These are the 9 Catholic Institutions that just divested from fossil fuels

It’s the largest joint Catholic divestment in history

On Wednesday May 10th, nine Catholic organizations from around the world announced their decision to divest their portfolios from coal, oil and gas companies in the largest joint Catholic fossil fuel divestment in history.

The groups — including religious orders and dioceses from the UK, USA and Italy — made the announcement ahead of international negotiations this month on implementing measures in the Paris Agreement on climate change.

The announcement is significant in the number of different Catholic orders — including Jesuits and Franciscans — uniting behind this issue, which is gaining growing support at all levels of the Catholic Church.

The 9:
The Mission Congregation of the Servants of the Holy Spirit (Global, General Curia)
The Diocese of Pescara (Italy)
Il Dialogo (Italy)
The Italian Jesuits (Italy)
Rete Interdiocesana Nuovi Stili di Vita (Italy)
Siloe Monastic Community (Italy)
MGR Foundation (USA)
The Wheaton Franciscan Sisters, Daughters of the Sacred Hearts of Jesus and Mary (USA)
St Joseph’s Province of the Congregation of the Passion — English Province of the Passionists (UK)

The previous record for number of Catholic institutions divesting jointly was seven and was set in October 2016. A total of 27 Catholic institutions have now divested.

This latest announcement also comes in the middle of the week-long Global Divestment Mobilization organized by climate change NGO 350.org, as part of which thousands worldwide are taking action to push cities, universities, churches, pension funds, museums and other institutions to demonstrate climate leadership by breaking their financial ties to fossil fuel companies.

Quotes

“The Catholic response to climate change is gathering momentum exponentially. From refusing to invest in fossil fuels to installing solar panels on church roofs, more and more Catholics are taking concrete actions to protect creation and the vulnerable in their communities and beyond. This momentum is something that should not go unnoticed by world leaders meeting for the G7 Summit before they return home to turn politics to policy.” — Tomas Insua, Executive Director, Global Catholic Climate Movement.
“We celebrate this announcement and hope that the message it conveys reaches people of all faiths and inspires even more Catholic institutions, including the Vatican itself, to end the harmful influence of the fossil fuel industry’s ambition over our economies and societies, and push for clean and just energy sources for all humanity.” — Yossi Cadan, 350.org Senior Divestment Campaigner
We “are announcing today that we can say with integrity that we have no current investment in fossil fuels, and we will in the next year add it to our Socially Responsible Investment Policy to assure no future investments in fossil fuels.
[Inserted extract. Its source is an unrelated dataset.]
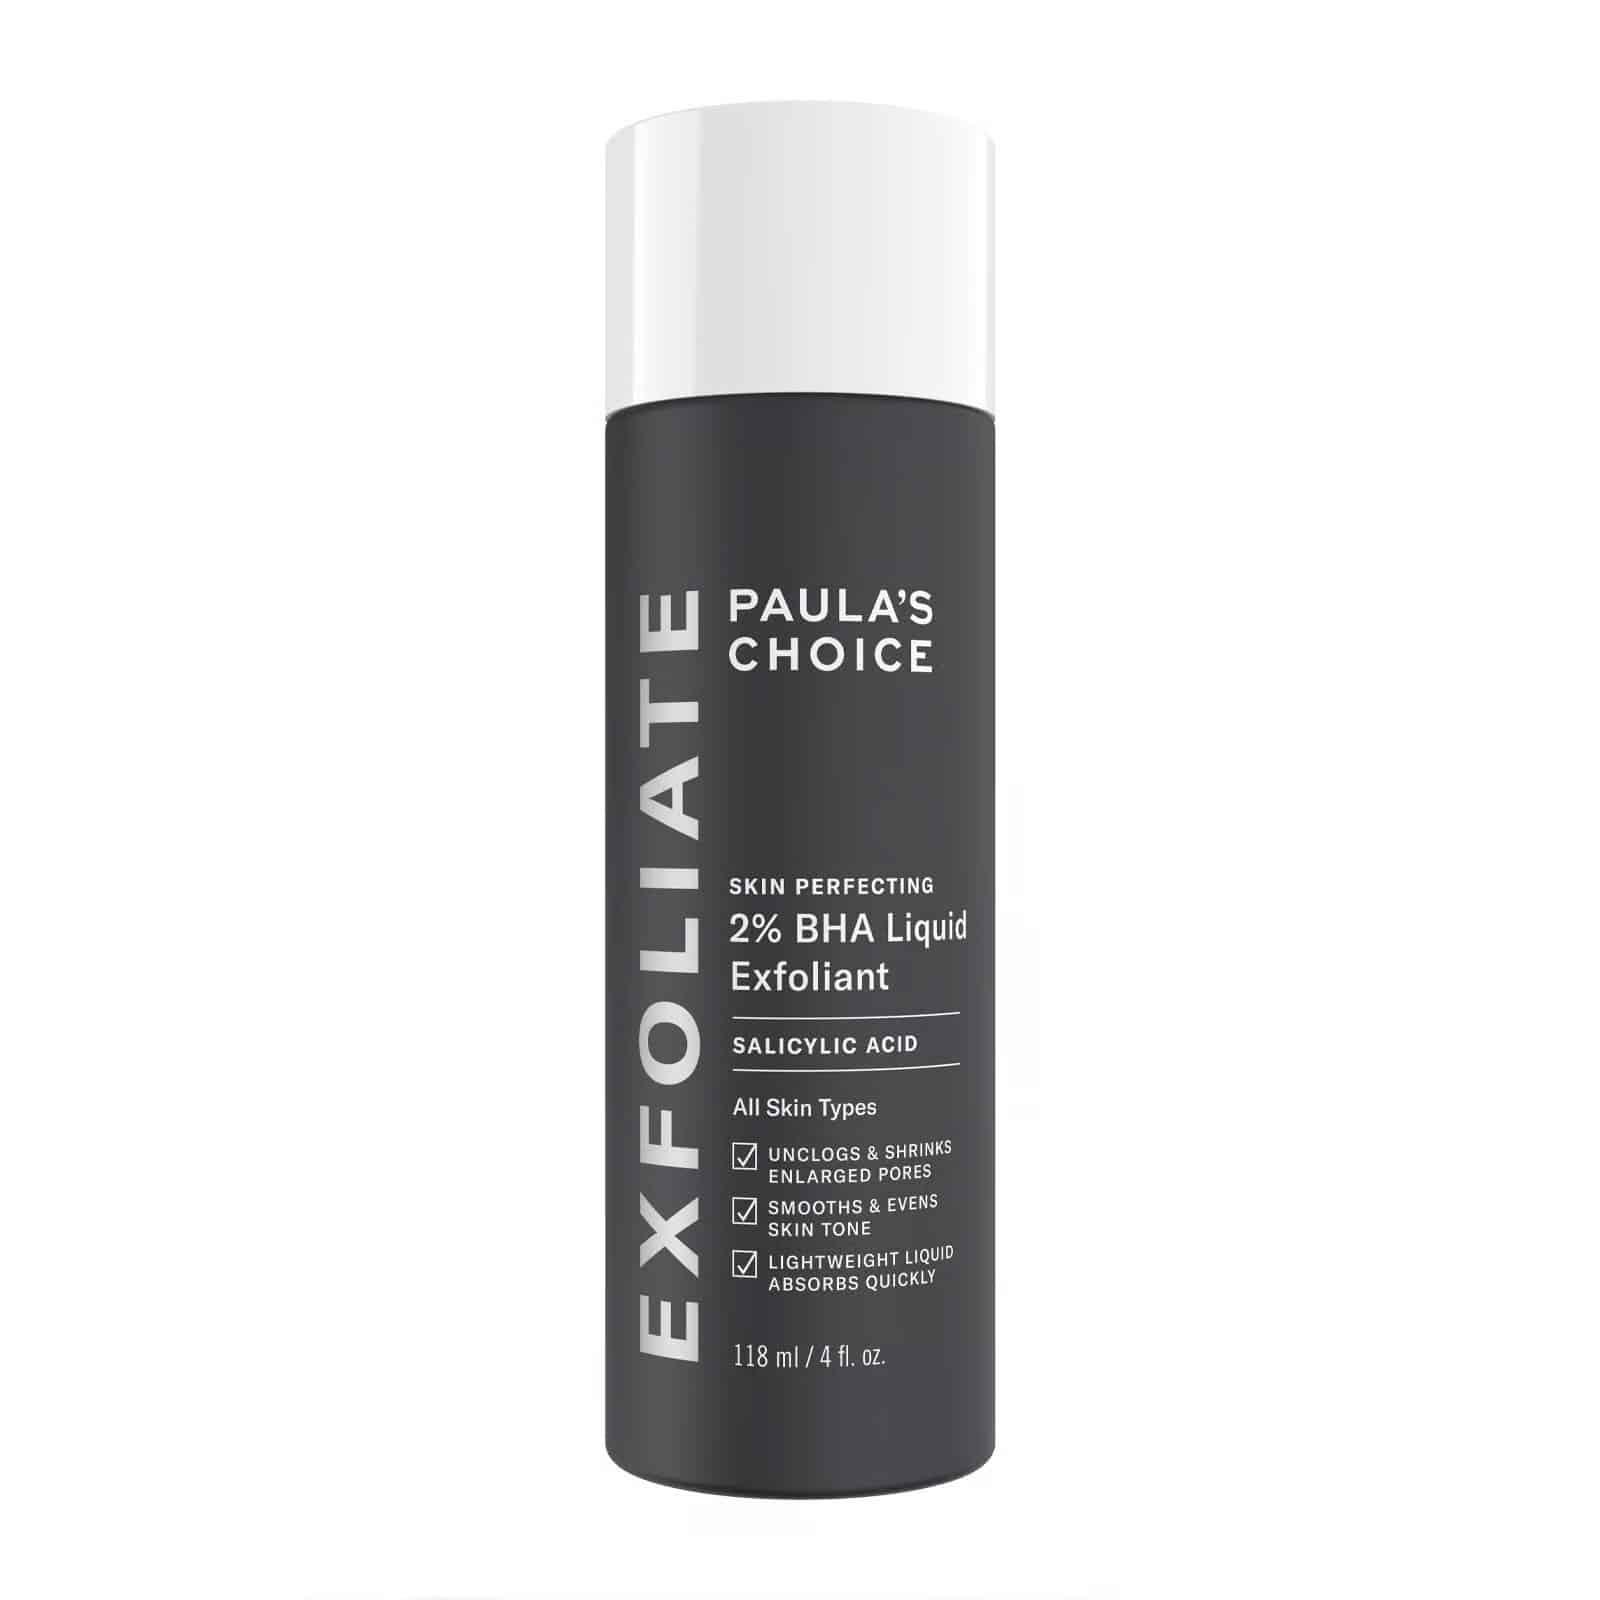 Paula’s Choice Skin Perfecting 2% BHA Liquid Exfoliator Discounts and Cashback

In this way we wish to emphasize the urgency of the climate crisis and deepen our commitment to care for our common home” — Sr. Melanie Paradis,osf, Sr. Lynn Schafer,osf, Sr. Trish Villarreal,osf, Sr. Alana Gorski,osf, Provincial Council of the The Wheaton Franciscan Sisters
“The fossil fuel divestment is a concrete way to put the Laudato Si’ into practice and be witness of its message. In the Encyclical Laudato Si’ Pope Francis affirms: ‘We know that technology based on the use of highly polluting fossil fuels […] especially coal, but also oil and, to a lesser degree, gas — needs to be progressively replaced without delay.’ (Laudato Si’, 165)... We are convinced that this union will lead to more sustainable finance and a more just and livable world. Therefore we have joined and invite all others to”— Giovanni Sarubbi, (Director) Michele Zarrella (Head of the environmental section) of “Il dialogo”
“We consider it is important to be part of an initiative that is in very deep harmony with the value in which we believe and that gives a concrete answer to Pope Francis’s Call in his encyclical Laudato Si’ asking for a real ecological conversion, moving from fossil energies to the renewables ones .”— Adriano Sella, National Coordinator of Rete Interdiocesana Nuovi Stili di Vita.